Yup, this guy is right-wing Russian nationalism at its finest, the dominant ideology there these days. (He may even think he is left-wing, but he's headed there as fast as he can go). Of course similar ideologies are gaining in almost all countries, and this is a great threat to humanity.

Anonymous said...

"What most countries need today is a Stalin, and purges even more brutal and ruthless than what he did"

How can you rightly denounce the deliberate mass extermination inflicted on the Soviet Union population (and Greece) and then follow with defending the need to carry out in the future more "brutal and ruthless" purges than those under Stalin for the good of the modern world?

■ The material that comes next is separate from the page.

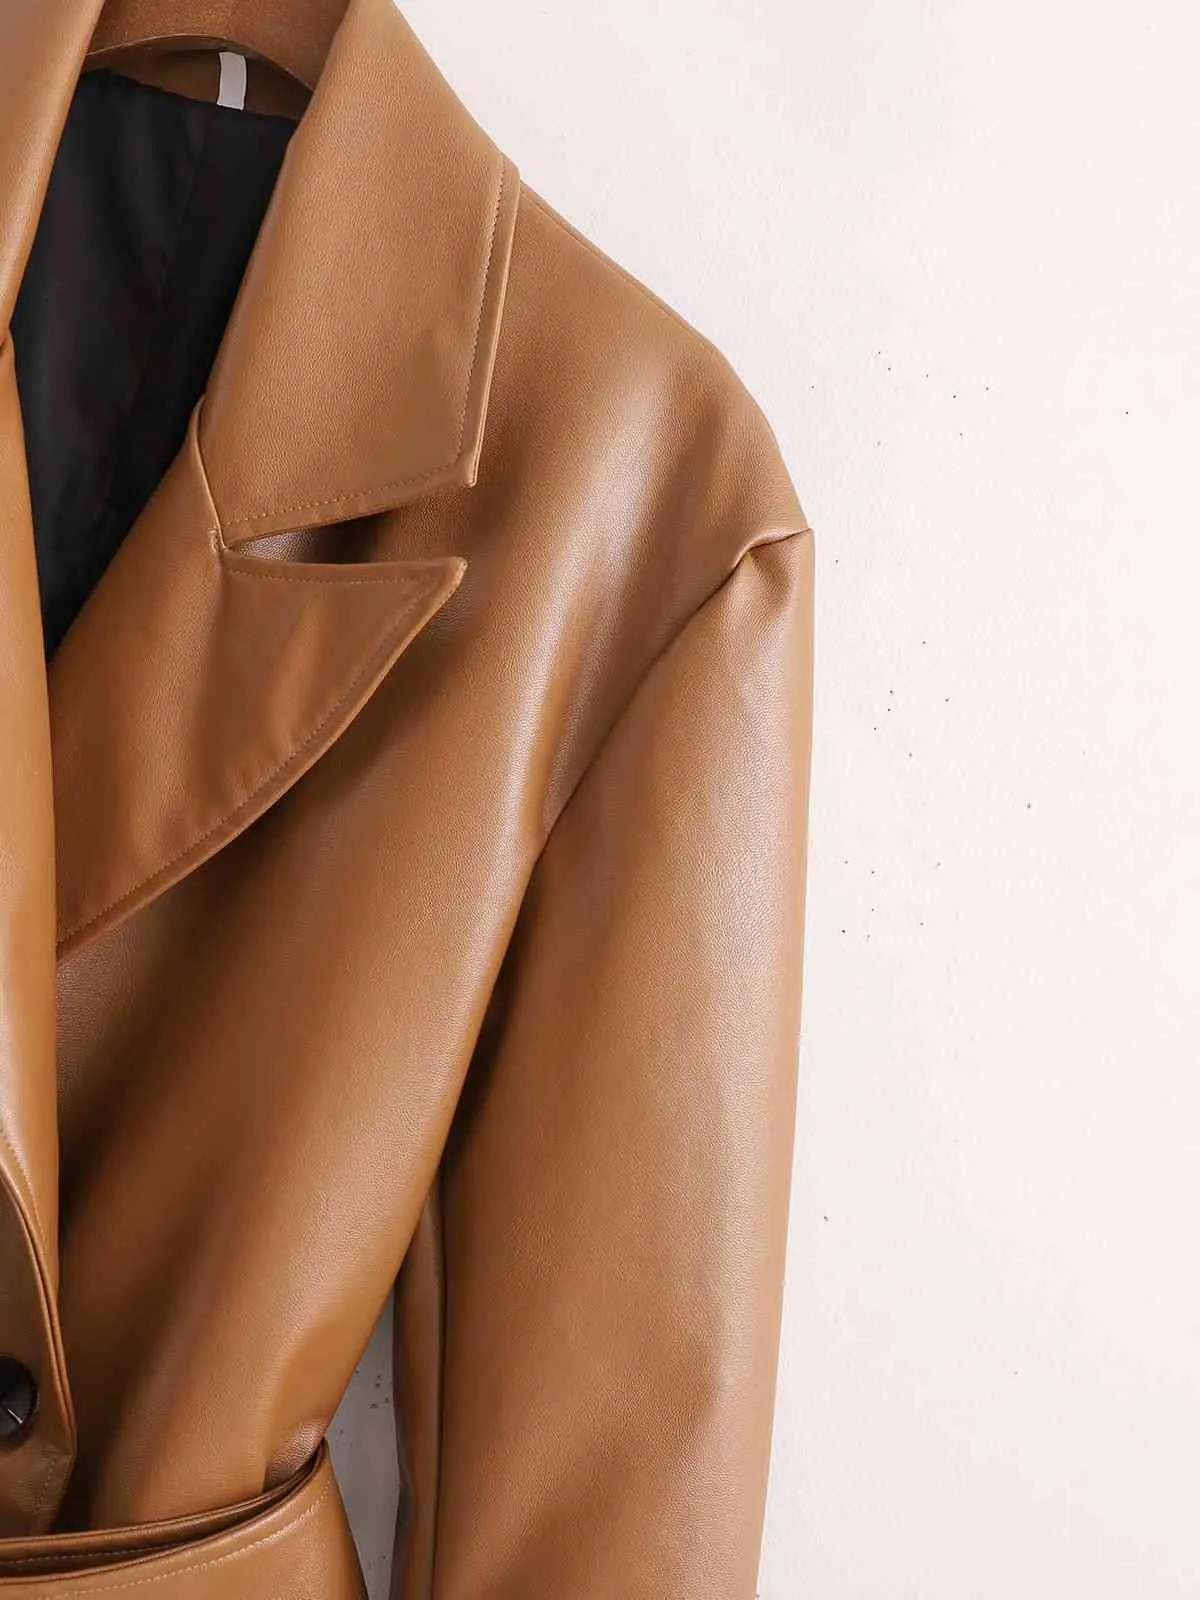 Trench-coat en faux cuir d'hiver femme Pu coupe-vent double boutonnage vêtements d'extérieur couleur unie 210421
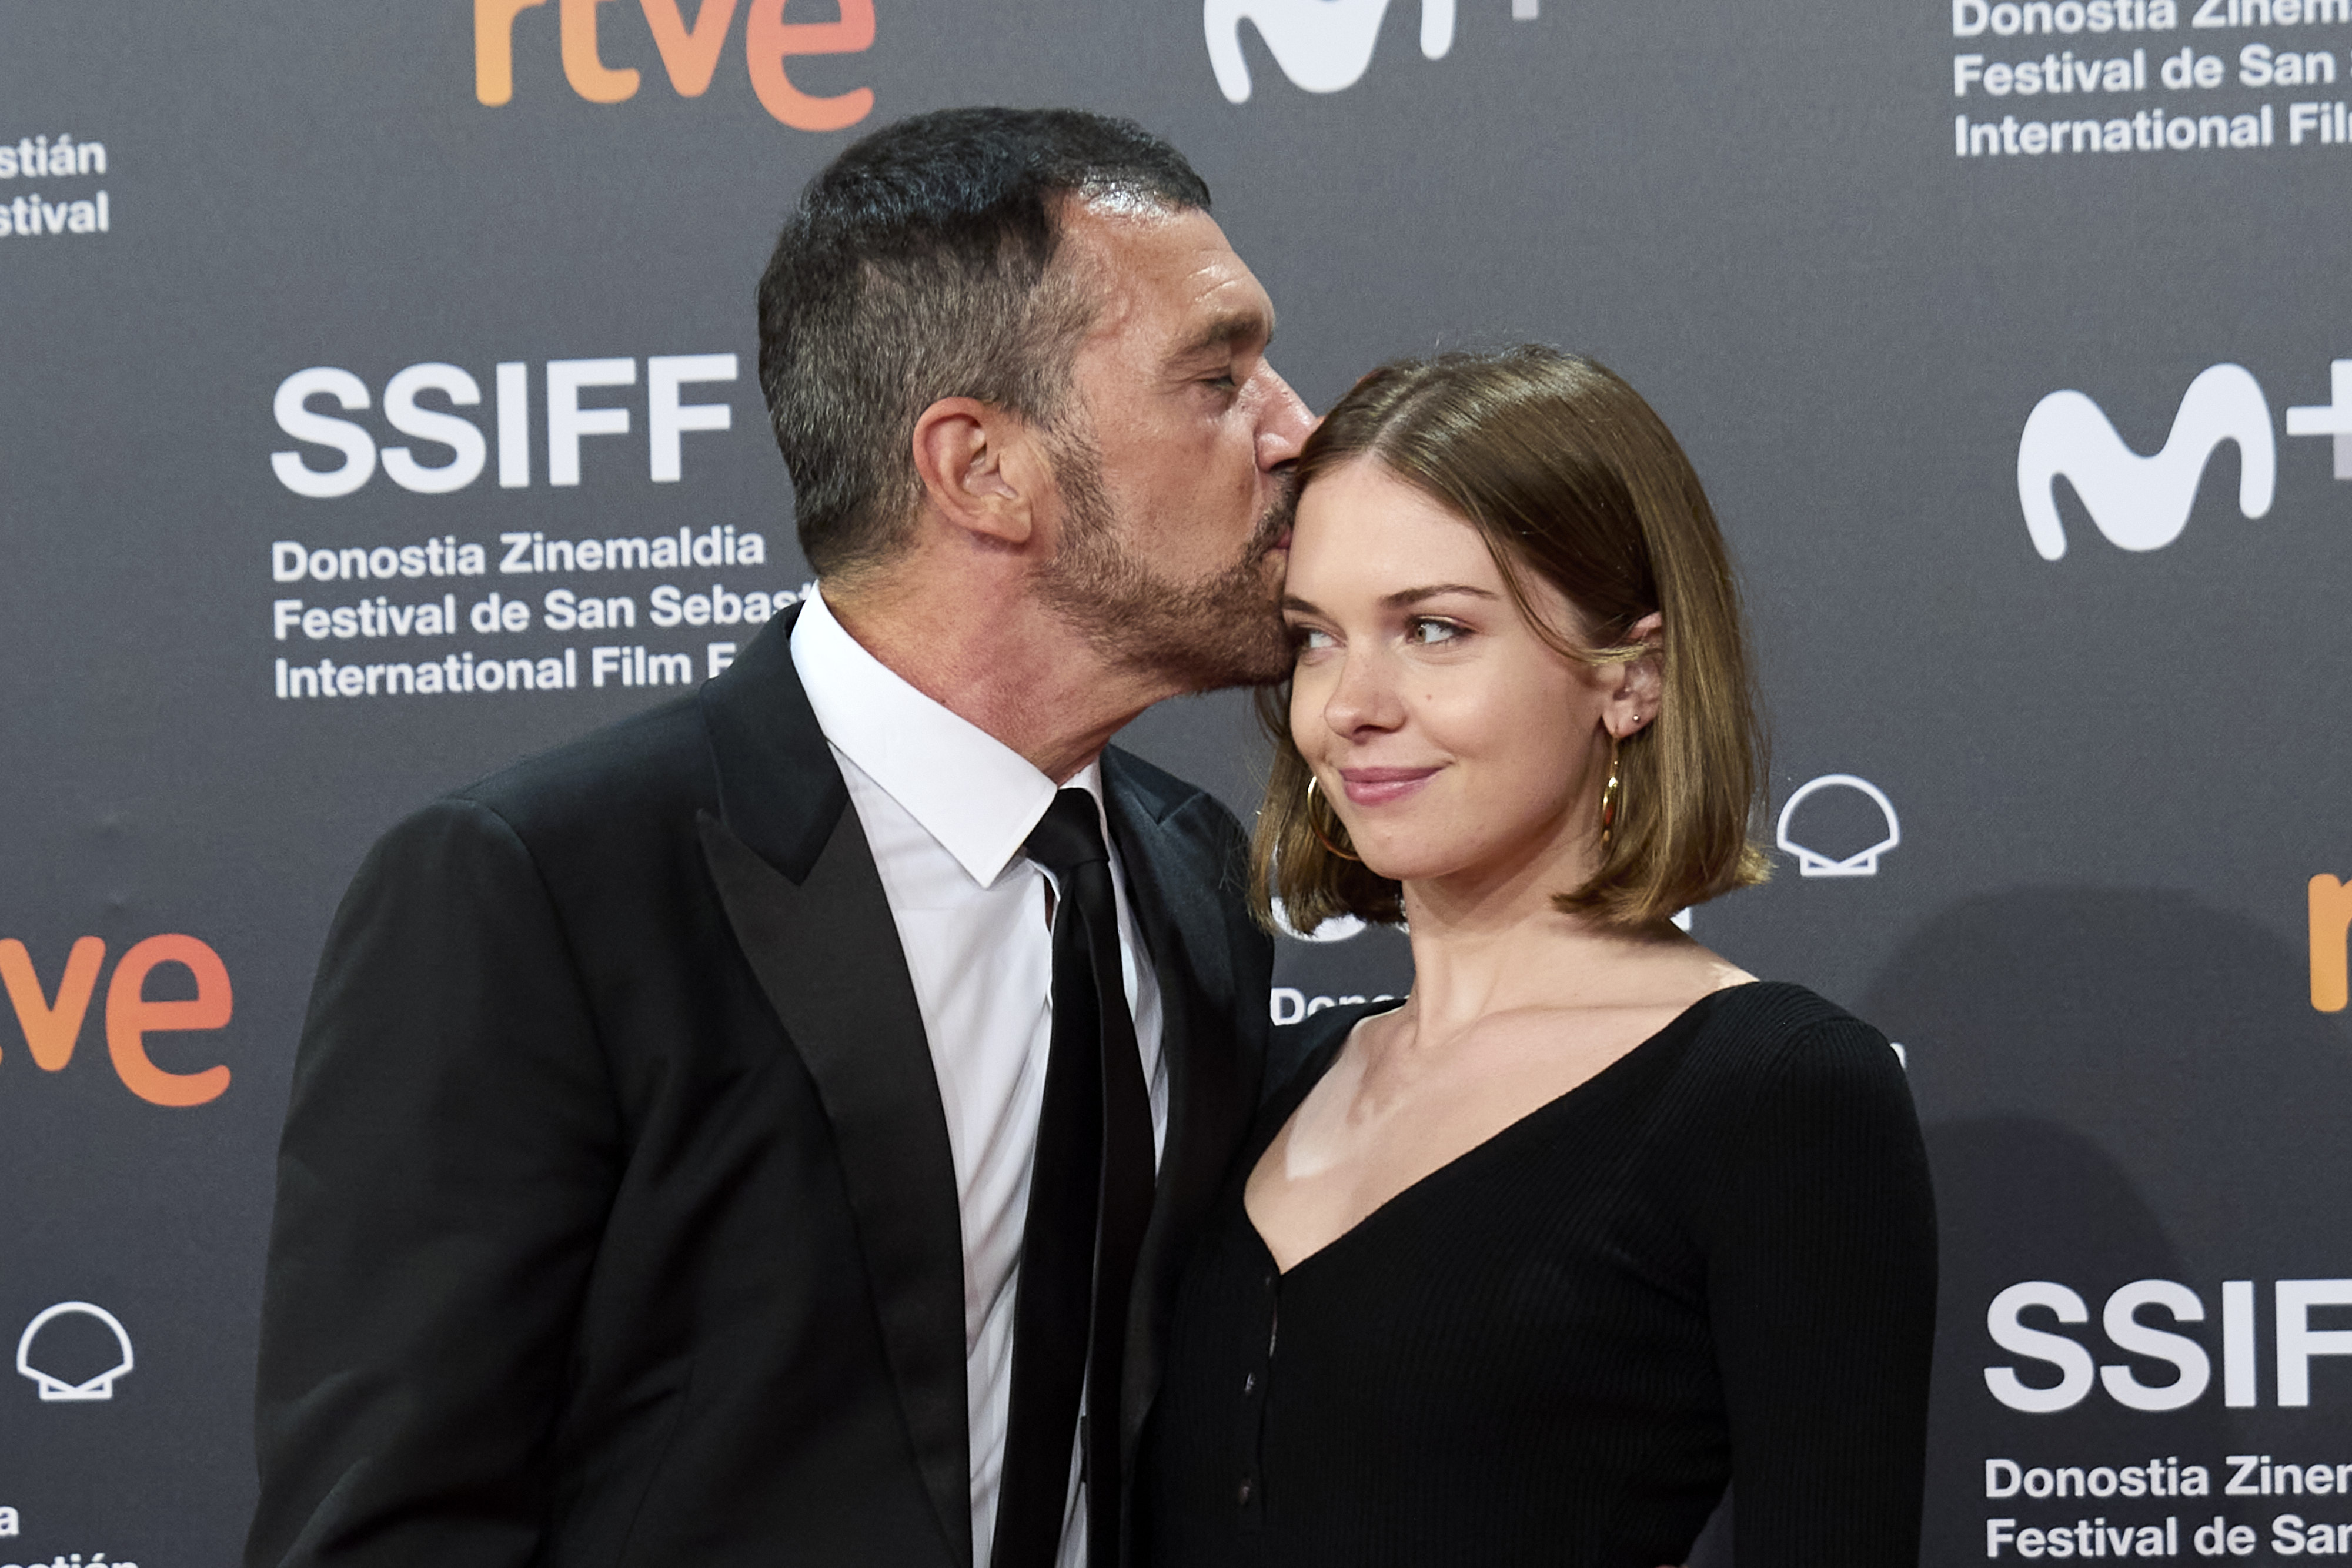 Antonio y Stella Banderas en la 69 edición del Festival de Cine de San Sebastián en San Sebastián, España, el 17 de septiembre de 2021 | Foto: Getty Images

Gosh, some human minds, how dreadful and scary

Robert Byers said...

Its right this person says anonymous .Its the most unintelligent historical review EVER. A waste of time to answer anything. I was always so proud canada got a beach along with the two big guys. our forces easily prevailed. later they had lots of trouble howevdr incountry. As a Christian one needs a good moral reason to gey killed or kill. i'm not persuaded cAnadians needed to join WWII.Why should we die?likewise i don't consent to my countrys giving money today to Ukraine to wage war. i say stop the war despite the evil side, Putin, getting its way. human life is the priority and not land. nothing has changed since those stupid war years back then. they still killing over the same land. Canada needs a no war party but has lots of problems anyways.

SPARC said...

Being German I am thankfull for the contributions and the sacrifice by the allied troups that enabled us to overcome Nazism.